Notice how in this example the ego-net-minus-ego of Sally has two very clear communities: her family (A, B, C) and her co-workers (U, V, W) which are easily separated. Intuitively, this is because one might expect that while nodes (e.g. Sally) participate in many communities, there is usually a single (or a limited number of) contexts in which two specific neighbors interact. While Sally is both part of her family and work community, Sally and Uma interact only at work. Through extensive experimental evaluation on large-scale public social networks and formally through a simple mathematical model, our paper confirms this intuition. It seems that while communities are hard to separate in a global graph, they are easier to identify at the local level of ego-nets.

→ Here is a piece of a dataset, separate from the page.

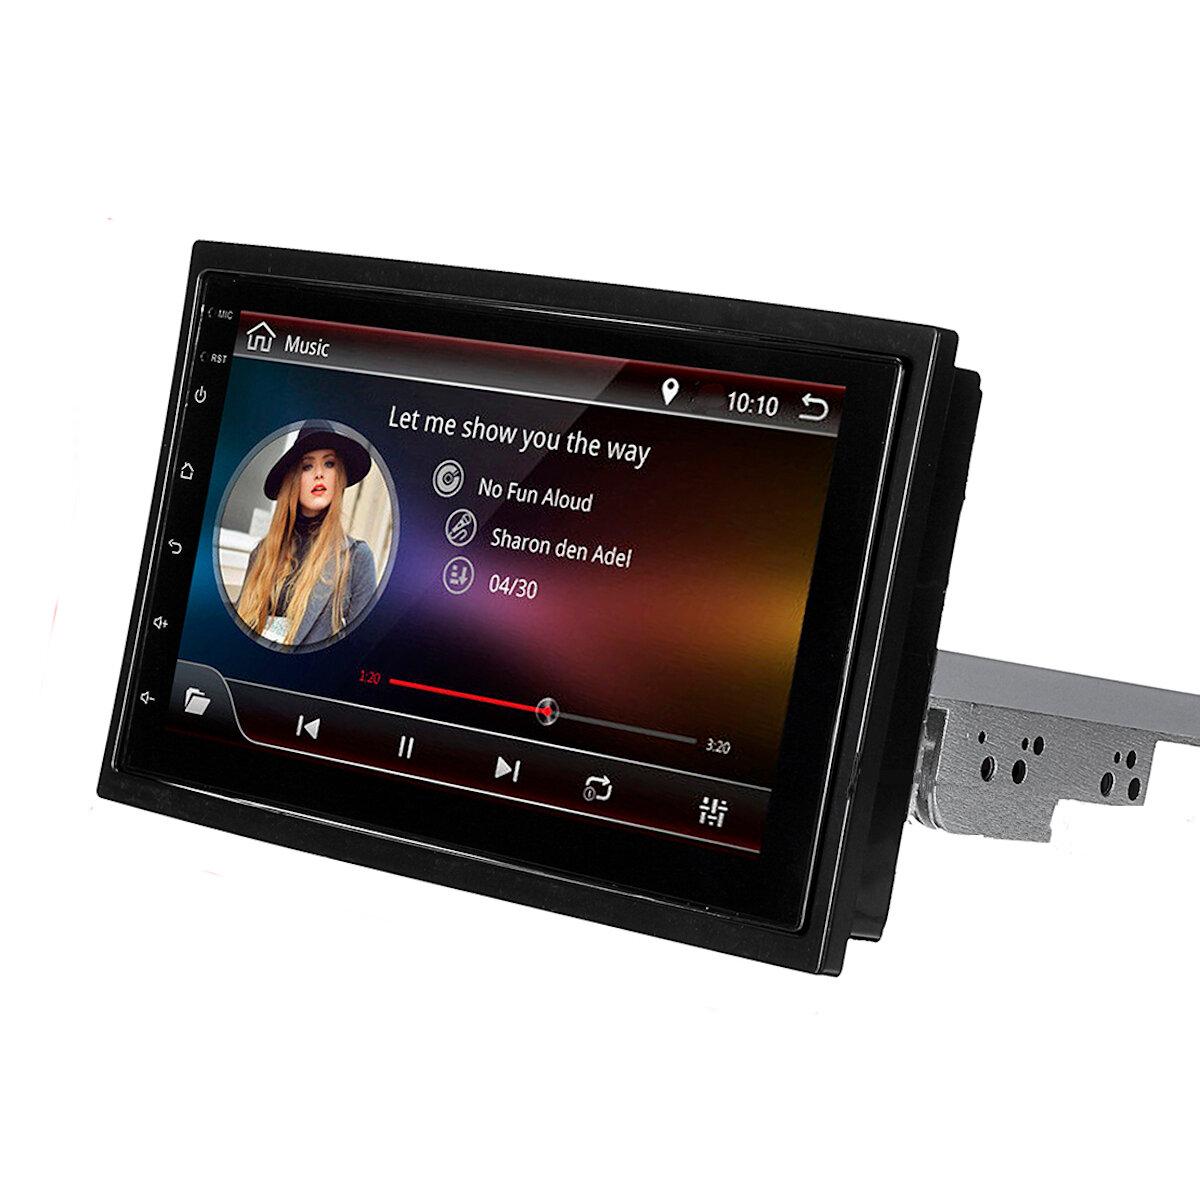 एंड्रॉइड 8.1 कार एमपी 5 प्लेयर रेडियो स्टीरियो 4 कोर GPS टच स्क्रीन वाईफ़ाई एडजस्टेबल रोटेशन के लिए 7 इ

This allows for a novel graph-based method for friend suggestion which intuitively only allows suggestion of pairs of users that are clustered together in the same community from the point of view of their common friends. With this method, U and W will be suggested to add each other (as they are in the same community and they are not yet connected) while B and U will not be suggested as friends as they span two different communities.

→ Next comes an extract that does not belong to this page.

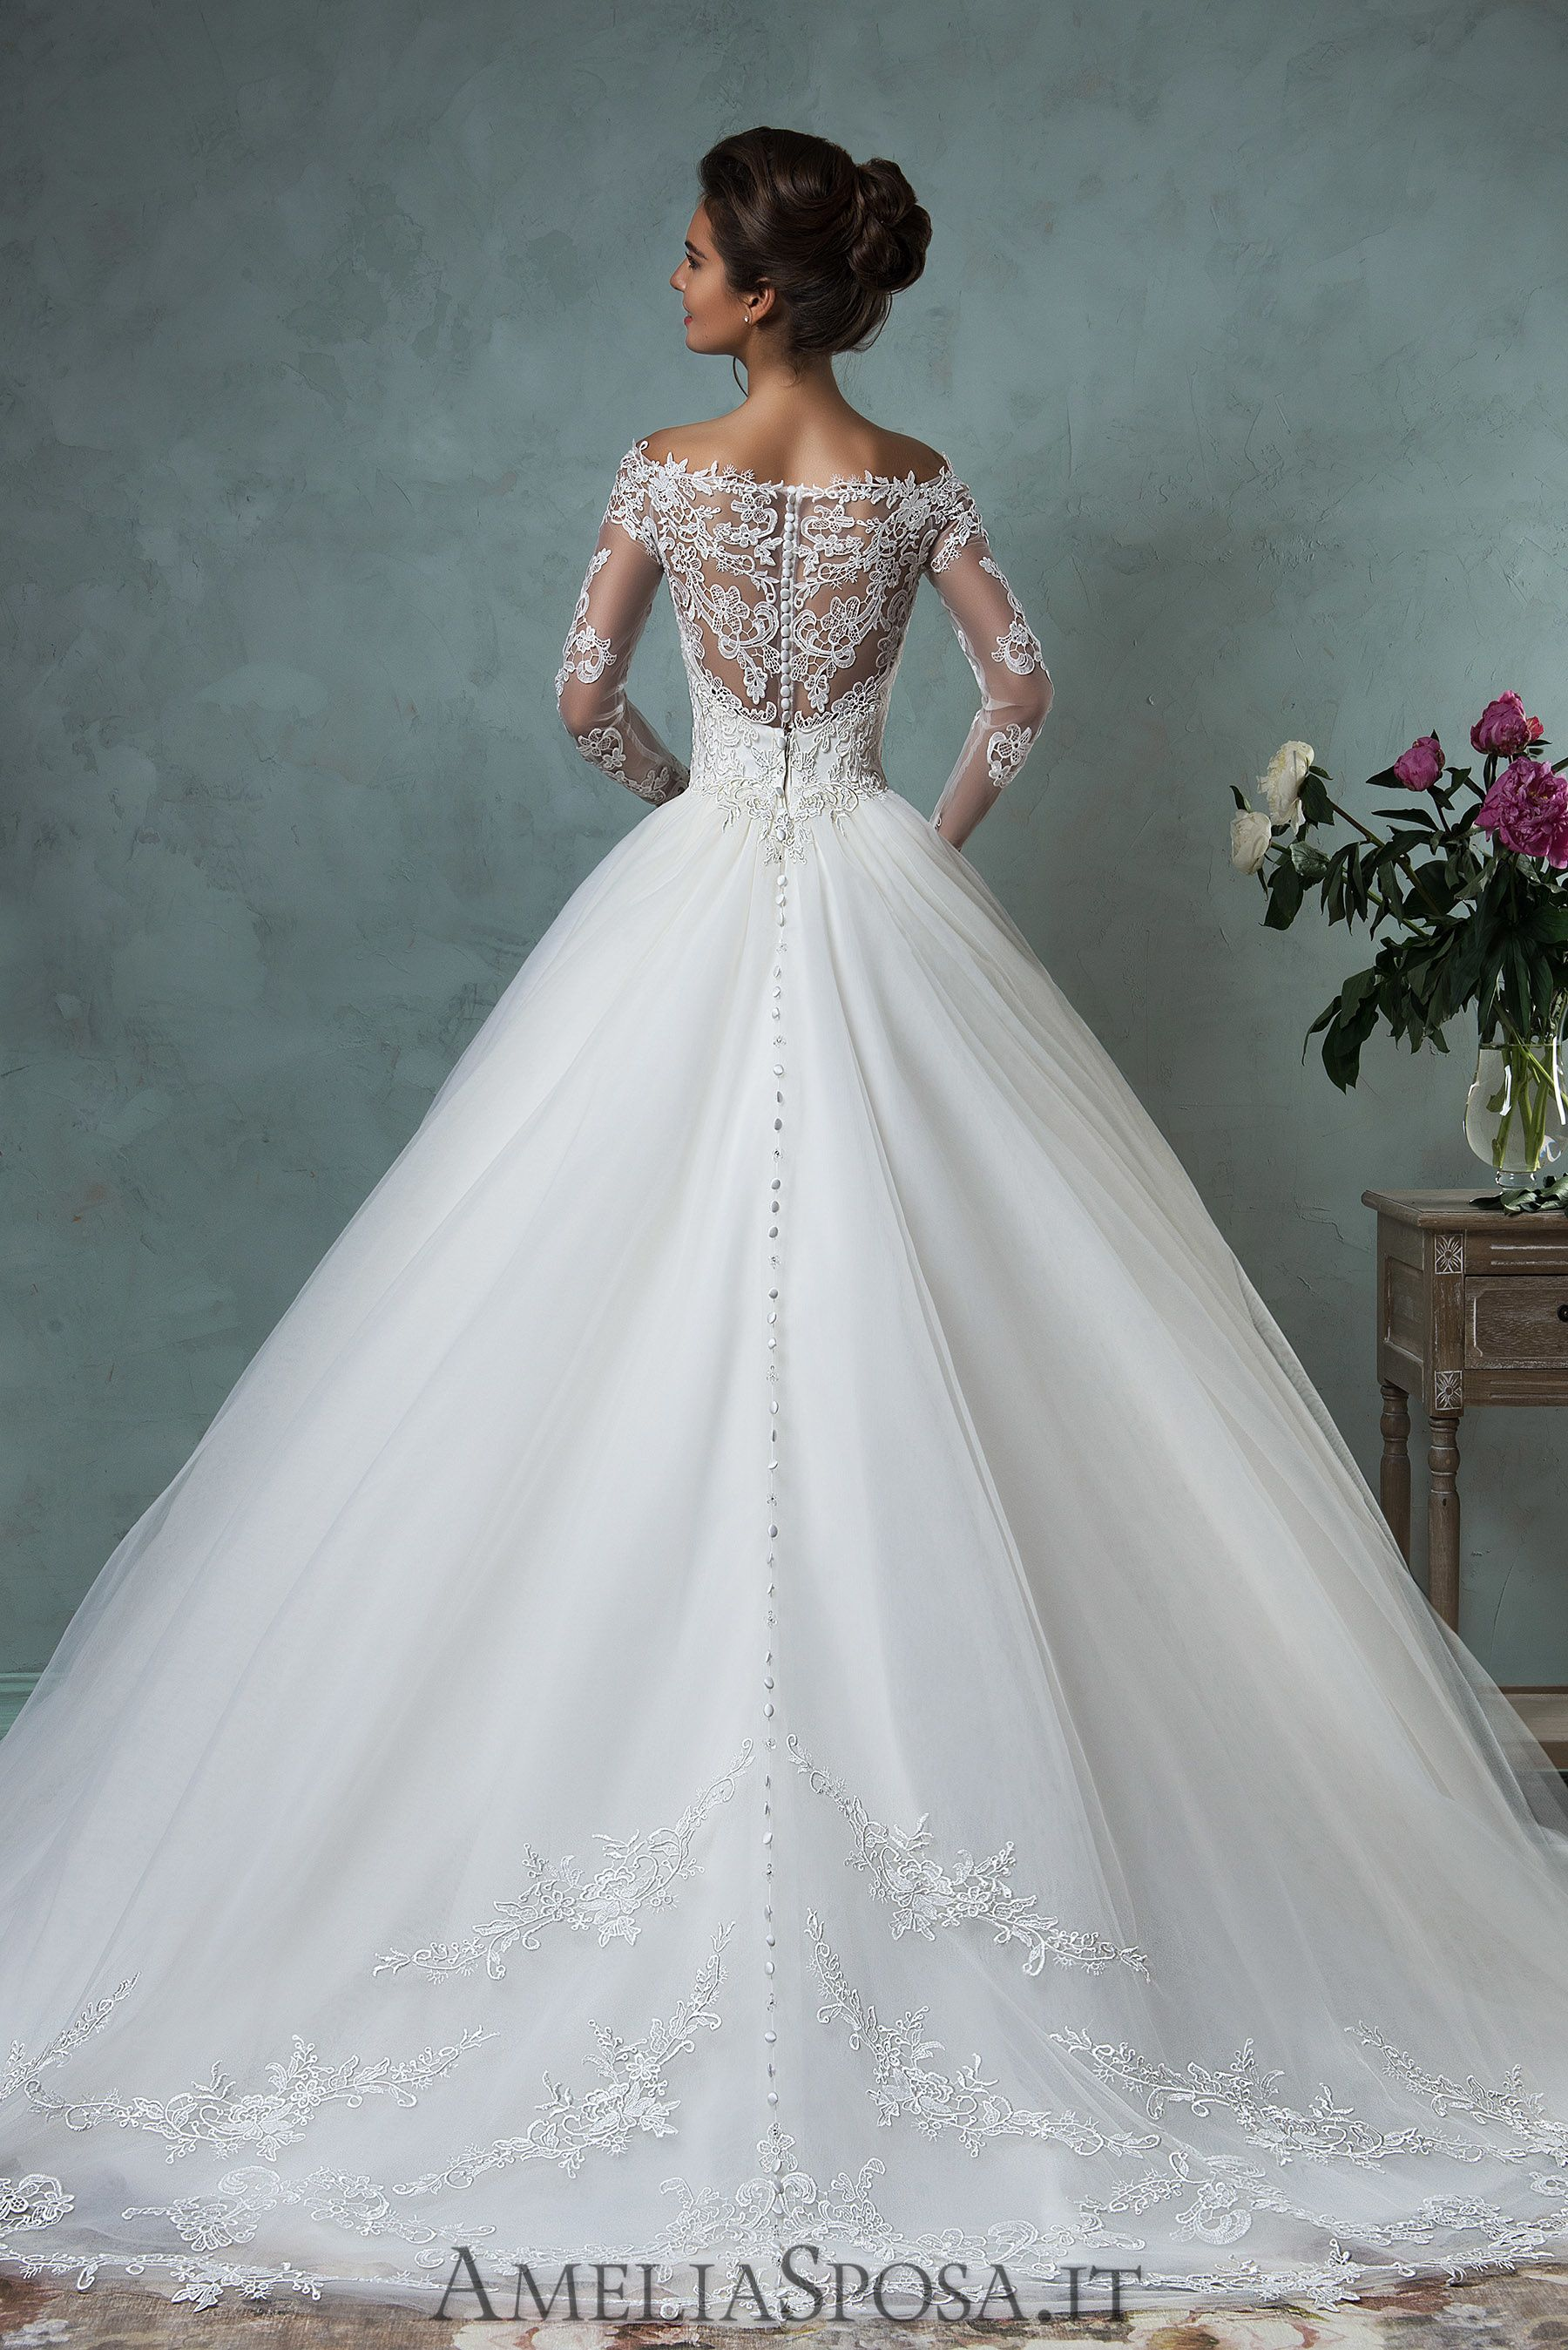 Wedding Dress Nova, Silhouette: A-line, Ball Gown | Bridal Gowns ...

From an algorithmic point of view, the paper introduces efficient parallel and distributed techniques for computing and clustering all ego-nets of very large graphs at the same time – a fundamental aspect enabling use of the system on the entire world Google+ graph. We have applied this feature in the “You May Know” system of Google+, resulting in a clear positive impact on the prediction task, improving the acceptance rate by more than 1.5% and decreasing the rejection rate by more than 3.3% (a significative impact at Google scales).

We believe that many future directions of work might stem from our preliminary results. For instance ego-net analysis could be potentially to automatically classify a user contacts in circles and to detect spam. Another interesting direction is the study of ego-network evolution in dynamic graphs.